SummaryStatistics summary = students
.withFilter({ it.graduationYear == 2008 } as Predicate)
.withMapping({ it.gpa } as ObjectToDouble)
.summary()

ParallelArray.metaClass //add [] operators for convenience
ParallelArray.metaClass.getAt = { x -> delegate.get(x) }

def worstStudent = students[summary.indexOfMin()]
def bestStudent = students[summary.indexOfMax()]
println "Worst student: $worstStudent.id had GPA $worstStudent.gpa"
println "Best student: $bestStudent.id had GPA $bestStudent.gpa"
println "Average GPA: ${summary.average()}"
Summary
The Fork/Join ParallelArray type and libraries are very cool, even if it lacks some of the conveniences expected from Groovy libraries. The tasks and actions, on the other hand, were much harder to grasp and work with. Defining an algorithm recursively is one thing to learn, but then having to figure out how to fork the work is another, more difficult problem.

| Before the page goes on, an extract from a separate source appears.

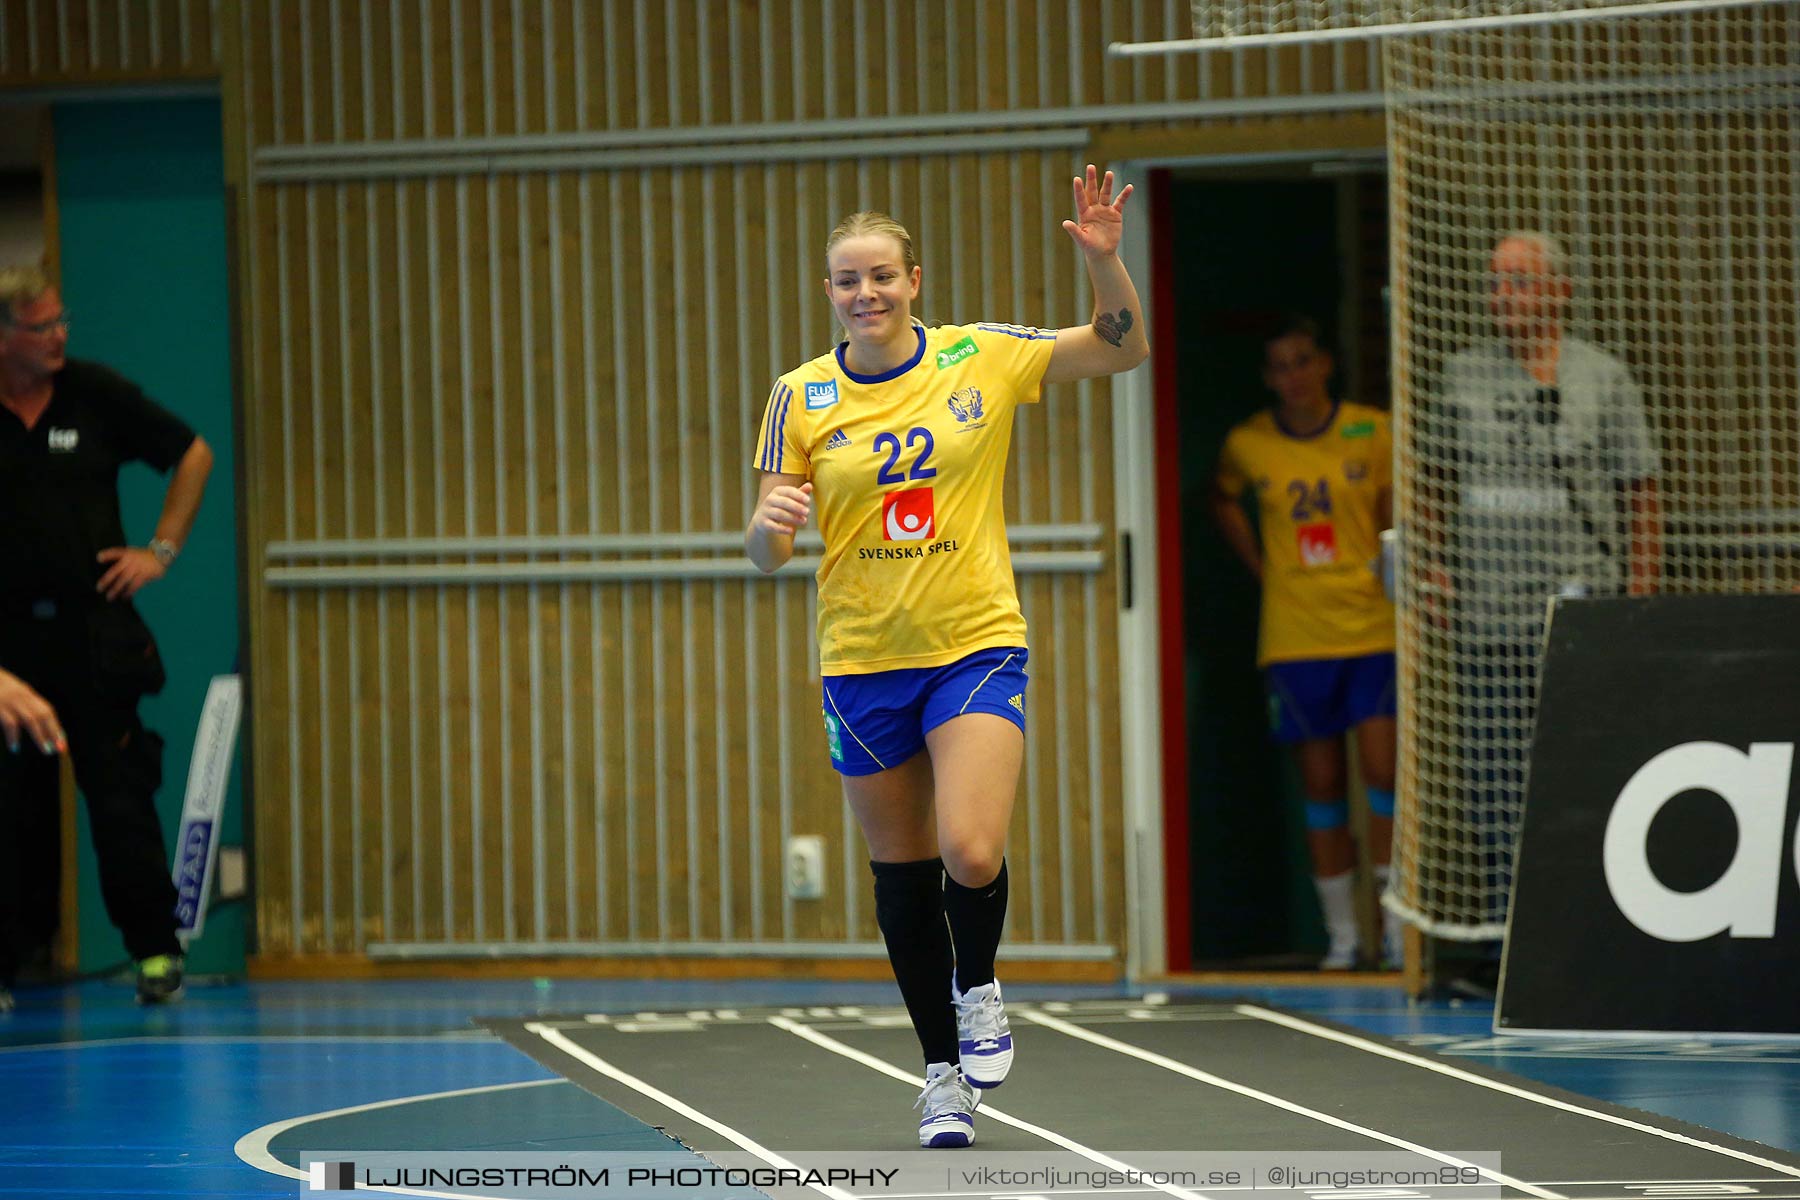 Landskamp Sverige-Island 32-24,dam,Arena Skövde,Skövde,Sverige,Handboll,,2014,150527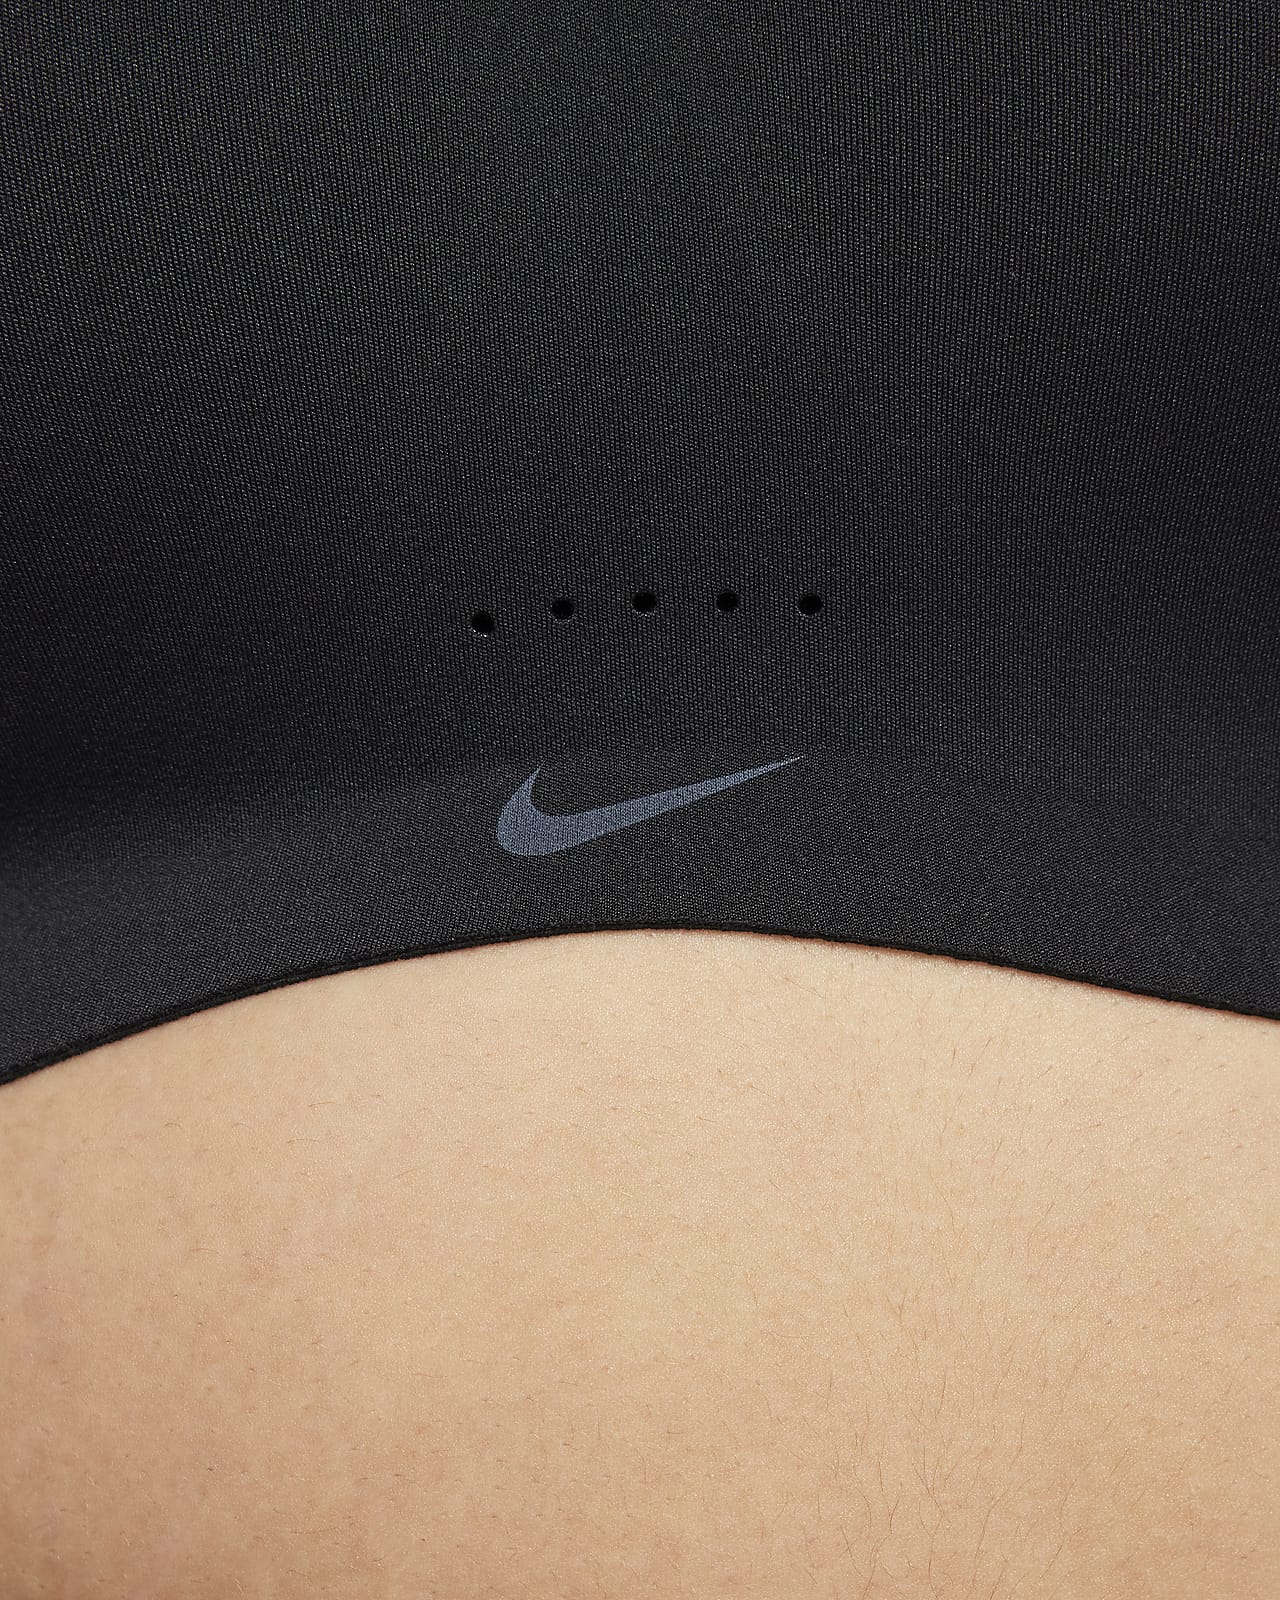 Women's Nike Alate Minimalist Sports Bra Size XS (A-C) Desert Dust

There's also the issue of the verbose types the framework uses to represent function types. The public class Ops, for instance, is a convenience class that defines 132 different function types. Ouch, this is too much to remember, and it seems like you could use generics to define 3 generic function types rather than the 132 shown in the docs. I shudder to think how hard this would be to write without an IDE with auto- import and type discovery. Hooray for static typing tools.

Working with the ParallelArray class was a breeze from Groovy, given that the IDE helps you cast closures to the correct type. I can't imagine enjoying using the framework from Java with the proliferation of anonymous inner classes that it would require. I hesitate to say that the BGGA closure proposal would be that much better... the example closures fit in one line of code now, but adding generics and type definitions would probably push these to multiple lines, at which point it might become a mess to read. A version of the framework was made compatible with the BGGA proposal, but recent signs point to no closures in Java 7. Hooray for Groovy for supporting this great today.

The ParallelArray class is wonderfully useful, but where are ParallelList and ParallelMap? Tieing the library to an array type limits the usefulness, and pretty much rules infinite lists out (I know, I know, it's an unbearable loss). I'd like to see these two types added to the library before release.

Also, why the inconsistent naming convention? The reduce function is called reduce, apply apply, but map is called withMapping and filter is called withFilter. This is another area I humbly submit for cleanup before release.

None of this solves the issue of mutable state within a multi-threaded environment. I heard second-hand that deadlock issues doomed the CILK project, with F/J is partly based on. Tasks are mutable by nature because the result is filled in at a later date, and it is left up to the developer to code defensively to avoid deadlocks, which pushes the developer back down into the assembly language of concurrency: synchronized and volatile. Is a parallelization framework not based on immutability doomed to failure?

Also, my intent was to use Terracotta to create a distributed Fork/Join executor. But the executors lack the fine grain task control that distributed systems would need. In the case of a failing fork, there is no way for the executor to recall the forked problem piece and reassign it to a different worker or add it back into the deque. The CommonJ framework seems up to the task, which is what Terracotta recommended using on their forum and docs. Is a parallelization framework not based on distributed tasks doomed to failure?

AND ANOTHER THING! I easily downloaded the framework, browsed the docs, and started using it with Java 6. Why does this need to be in the JDK? With Bea's CommonJ and Functional Java there seems to be movement in this space from many sources. I have no idea why F/J needs to be part of the JDK rather than just another 3rd party library.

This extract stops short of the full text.